While publicly stating that the NSA warrantless spying program is limited to international calls targeting Al Qaeda suspects, the administration has been careful not to imply that it is legally constrained from engaging in something much broader. On April 6, Attorney General Alberto Gonzales told a Senate panel that he would not rule out government authority to monitor purely domestic calls and other communications if this was necessary for the “war on terrorism.”

In a letter in late February, Gonzales noted that in remarks to the Senate that month in which he denied that the government was spying on purely domestic communications he “did not and could not address...any other classified intelligence activities” beyond what had been admitted by the government. Russell Tice, a former NSA employee, has said that the agency has authorization to engage in much broader spying as part of a top-secret “special access program.”

The logic of the administration’s argument is that it has the unlimited power to spy on anyone, including US citizens, as part of the supposed commander-in-chief authority of the president. The same justification has been used by the administration to justify arbitrary and indefinite detention, torture and other violations of basic democratic principles.

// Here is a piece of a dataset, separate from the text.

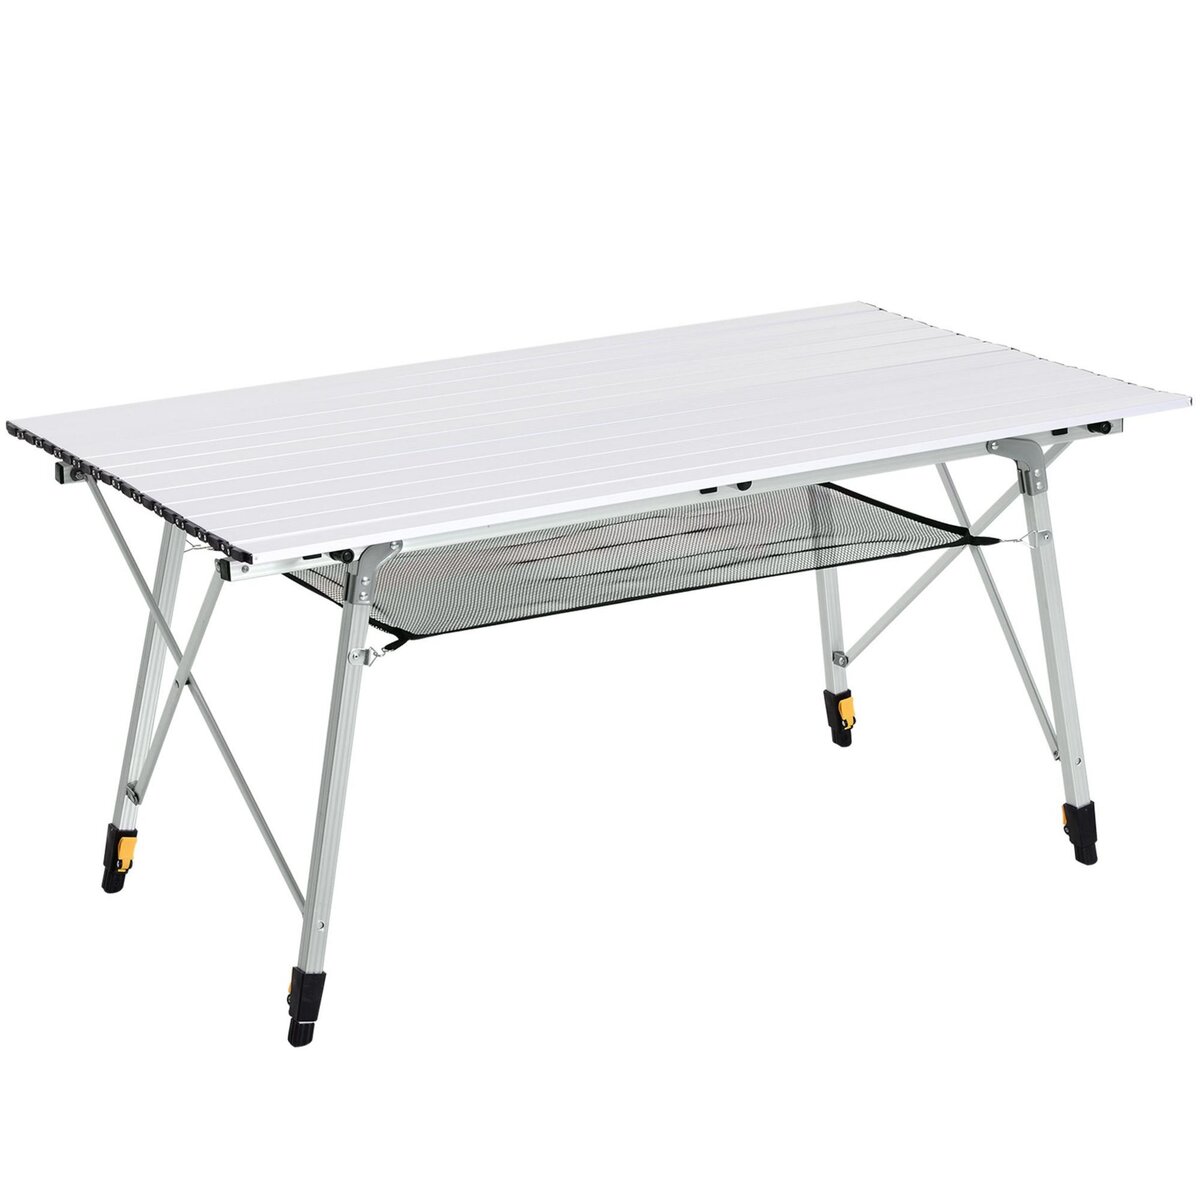 OUTSUNNY Table pliante en aluminium table de camping table de jardin 6 personnes hauteur réglable + sac de transport

Only a few months after it was initially exposed late last year, the government’s warrantless domestic spying program has largely been dropped by both the news media and the Democratic Party. A proposed investigation was scuttled by the Senate Intelligence Committee in March. At the end of March, a proposal to censure Bush for violating the law by authorizing the NSA program received virtually no support from either party.

Whatever the extent of the current spying, the precedent set is absolutely clear: American big business is perfectly willing to aid the government in violating the democratic rights of the American people, and there will be no serious opposition from within the political establishment.